- **What is required**
Pictures aside, return every line below exactly as written.

+++ Provided data +++

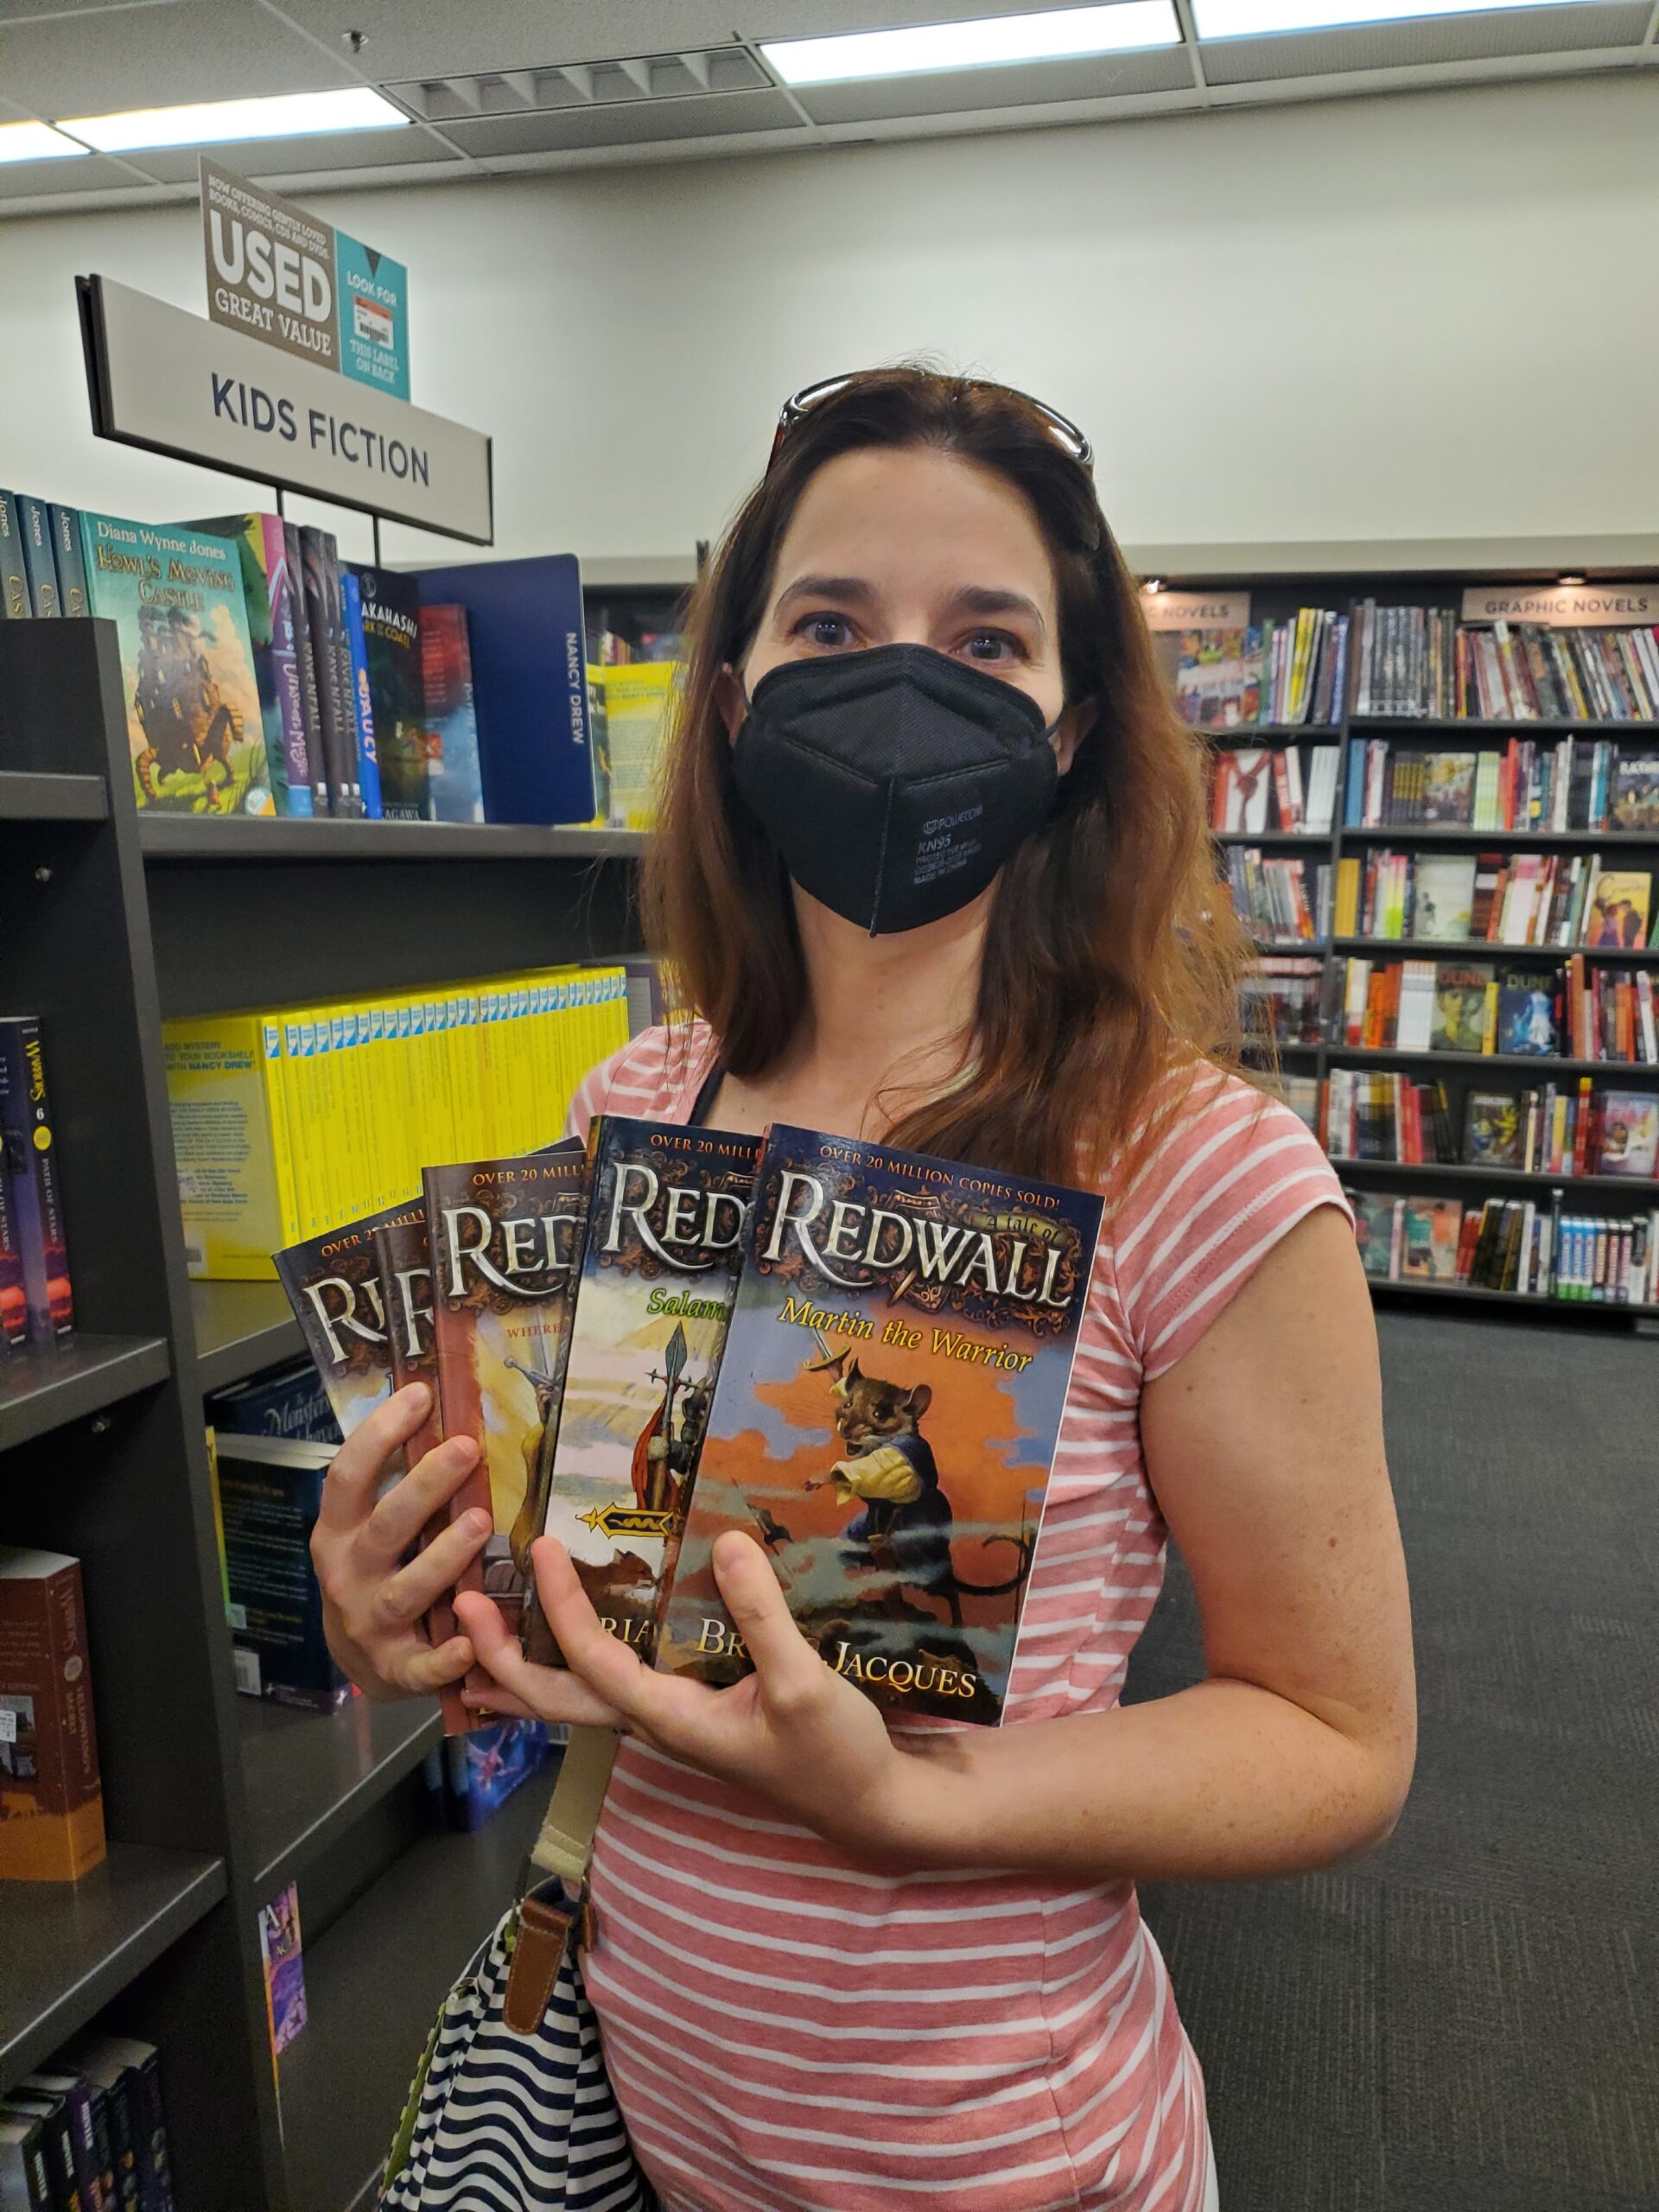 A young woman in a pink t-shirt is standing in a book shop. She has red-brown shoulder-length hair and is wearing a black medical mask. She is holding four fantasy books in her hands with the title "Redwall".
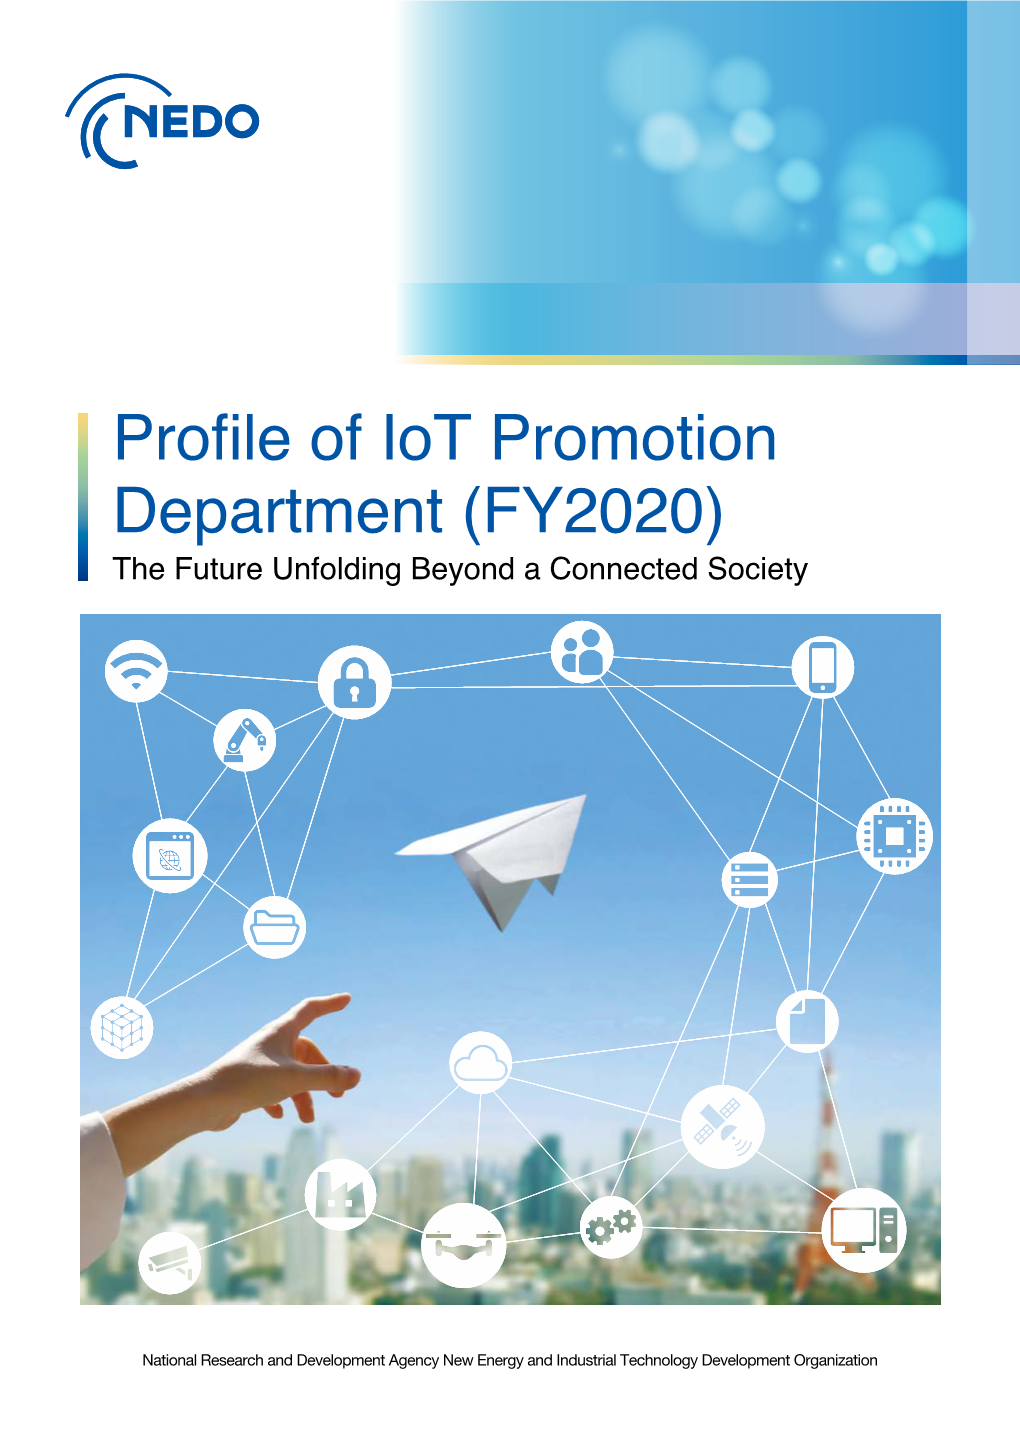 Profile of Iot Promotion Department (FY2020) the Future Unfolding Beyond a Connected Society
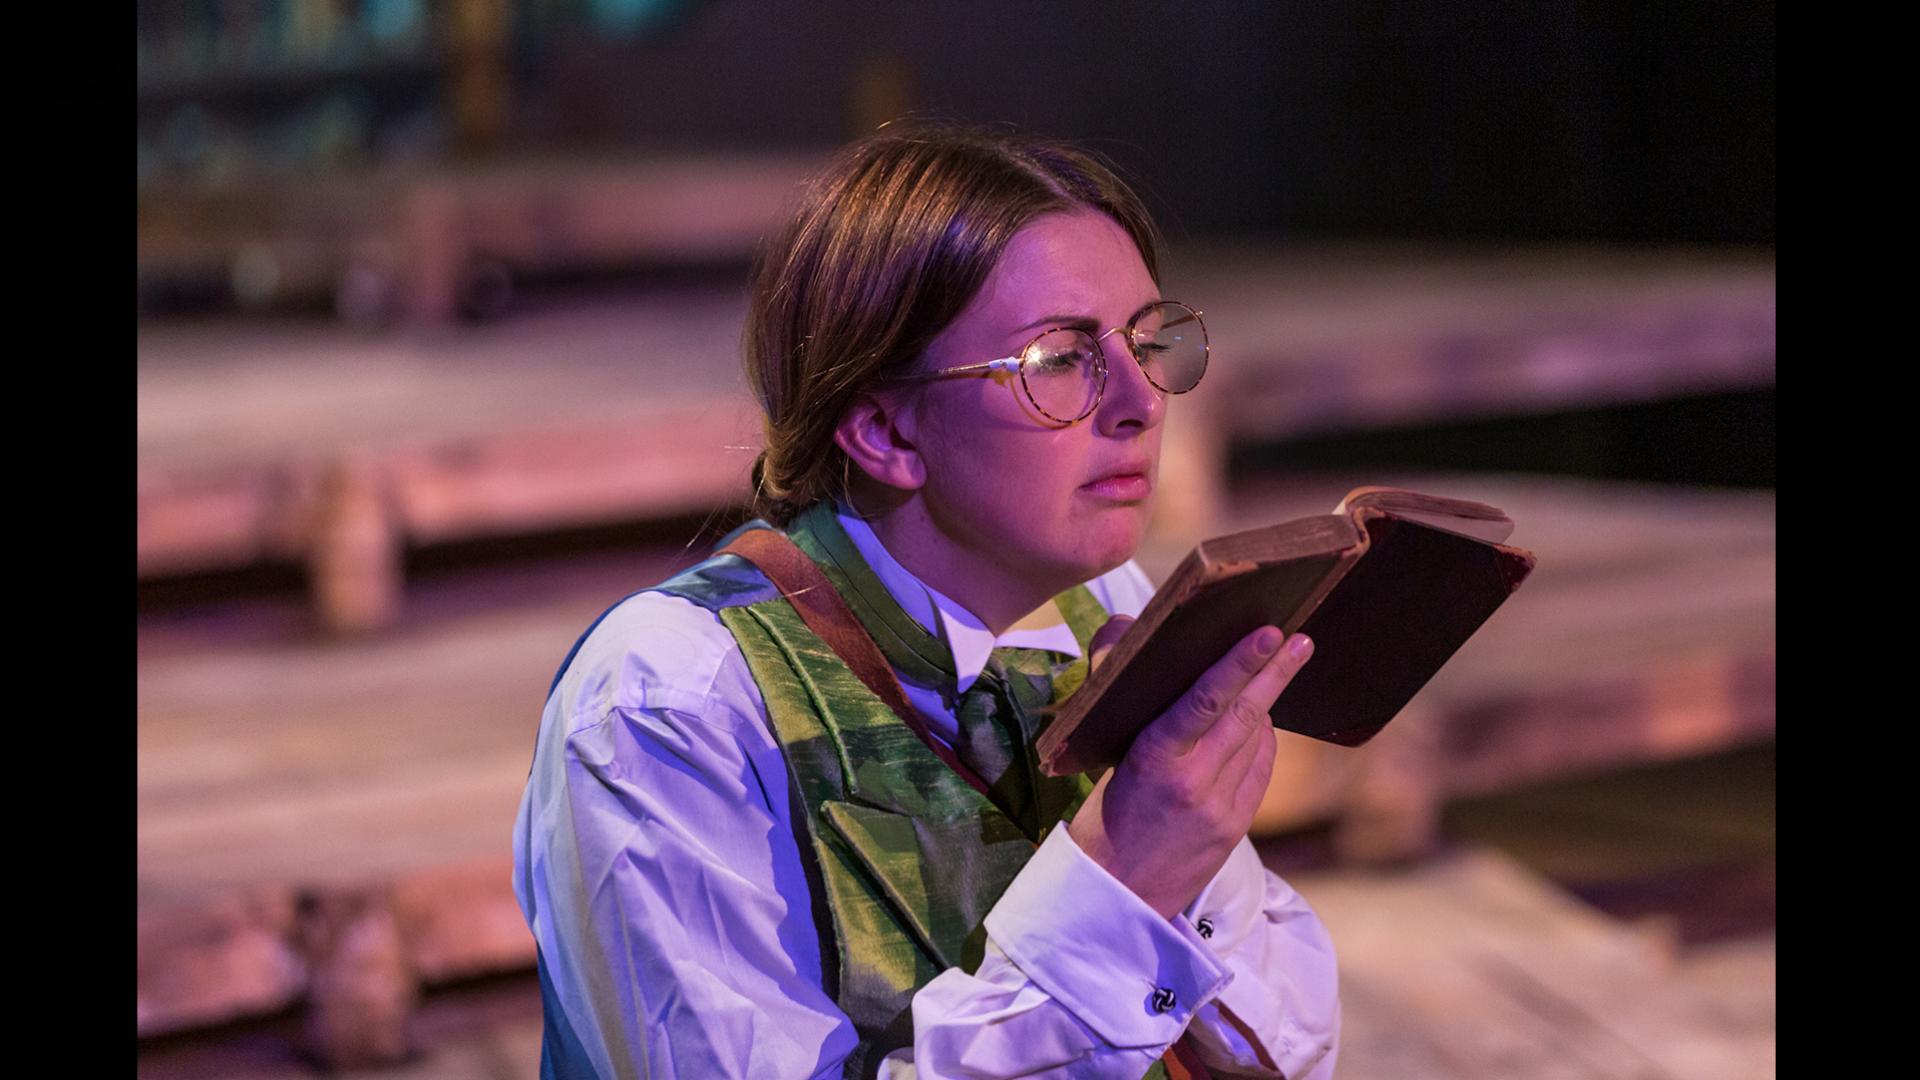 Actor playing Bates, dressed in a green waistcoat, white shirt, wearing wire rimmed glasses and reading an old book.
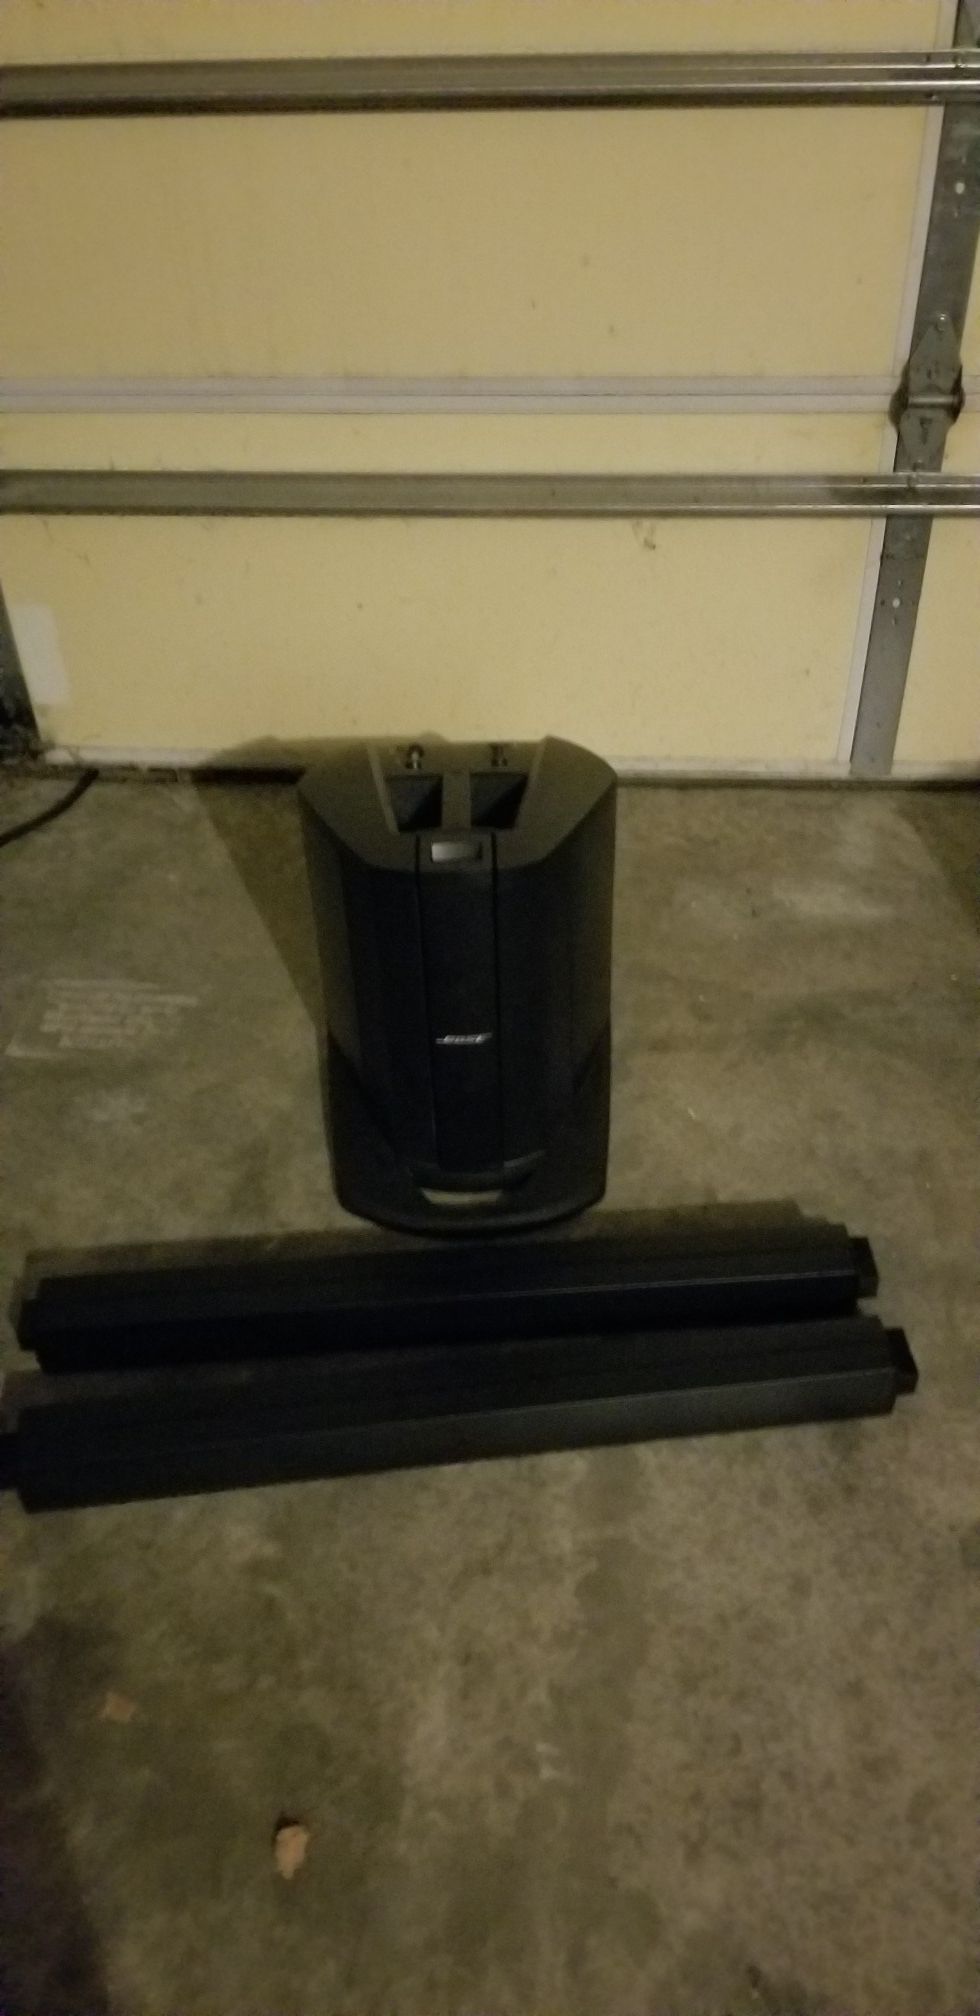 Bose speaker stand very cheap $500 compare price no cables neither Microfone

+++

- **Answer space**
 A young woman in a pink t-shirt is standing in a book shop. She has red-brown shoulder-length hair and is wearing a black medical mask. She is holding four fantasy books in her hands with the title "Redwall".
 Profile of Iot Promotion Department (FY2020) the Future Unfolding Beyond a Connected Society
 Actor playing Bates, dressed in a green waistcoat, white shirt, wearing wire rimmed glasses and reading an old book.
 Bose speaker stand very cheap $500 compare price no cables neither Microfone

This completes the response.